Friday, January 09, 2026

Where the Line Bleeds (2008) by Jesmyn Ward

 1,001 Novels: A Library of America
Where the Line Bleeds (2008)
by Jesmyn Ward
DeLisle, Mississippi
Mississippi: 4/18

   Two-time National Book Award winner Jesmyn Ward would have to be at the very top of any serious list of American authors of literary fiction in the 21st century.  Her presence amidst the detritus of YA and chick-lit titles stands out like a beacon from a proverbial light house of literary fiction.  I checked out the Audiobook because I was wondering if I could seriously tell the difference between an Author with such widely regarded literary merit and the run of the mill titles, I've been suffering through for the past couple years.  Where the Line Bleeds was her first novel, and then she dropped Salvage the Bones four years later- that book won the National Book Award.  She won again in 2017 with Sing, Unburied, Sing, which I read during a period where I was reading all the National Book Award finalists.  It's a good book, obviously, but it didn't spur me to go back and read her other titles.

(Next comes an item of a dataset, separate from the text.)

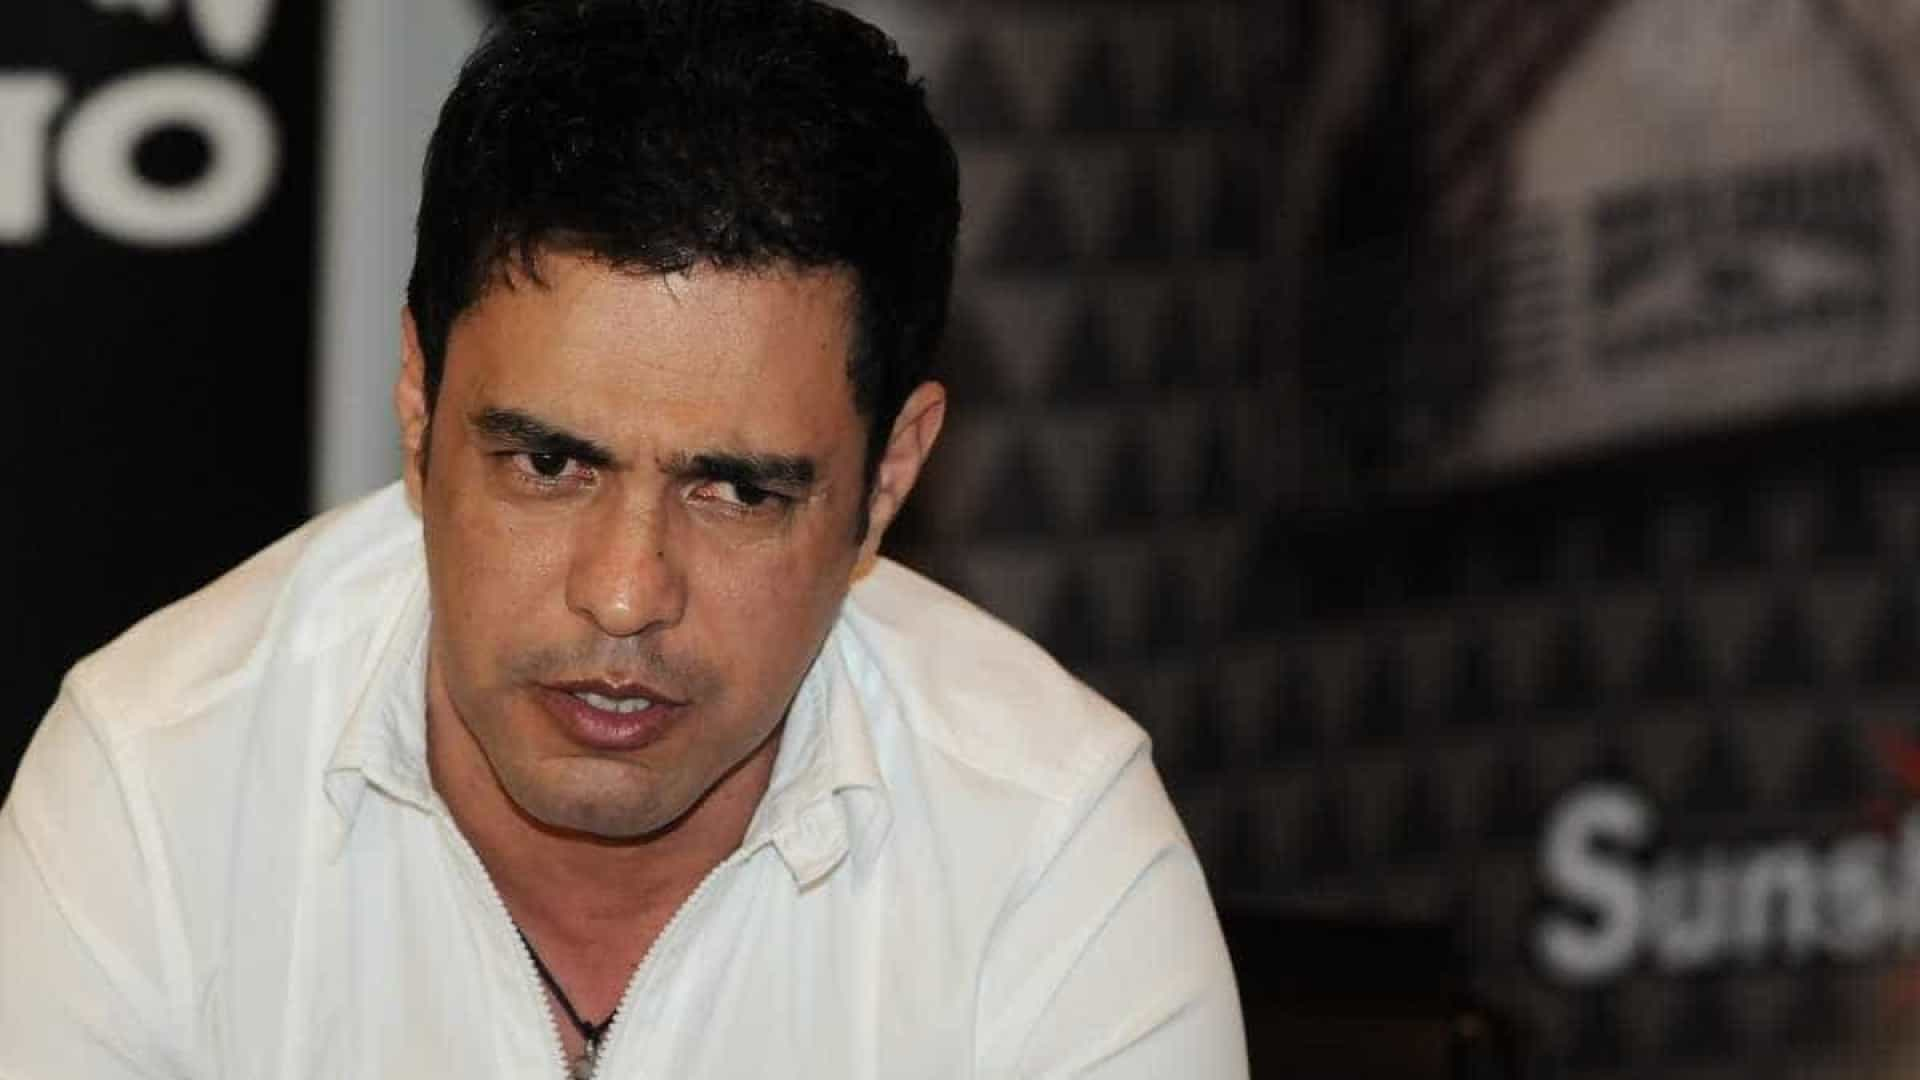 Justiça condena Zezé a pagar indenização para ex-motorista

   I could tell the difference between Ward's prose and the run of the mill stuff on a couple of levels.  First, she was able to turn an otherwise prosaic landscape (the unheralded Mississippi coastline) with real grandeur.  She did this in a couple different ways.  First, she was a close observer of the physical landscape- her descriptions of crack houses and swamp parties sparkle with life.  Second, her ability to depict all five senses marks her out from the pack.   Great writers of literary fiction imbue the reader with a feeling that there is depth beneath the surface of the human activity being depicted, but they also provide a many-splendored surface, pairing stylistic flourishes with economy.   She does all these things in Where the Line Bleeds, which is sure to be my top title from Mississippi and a likely top five for the entire chapter.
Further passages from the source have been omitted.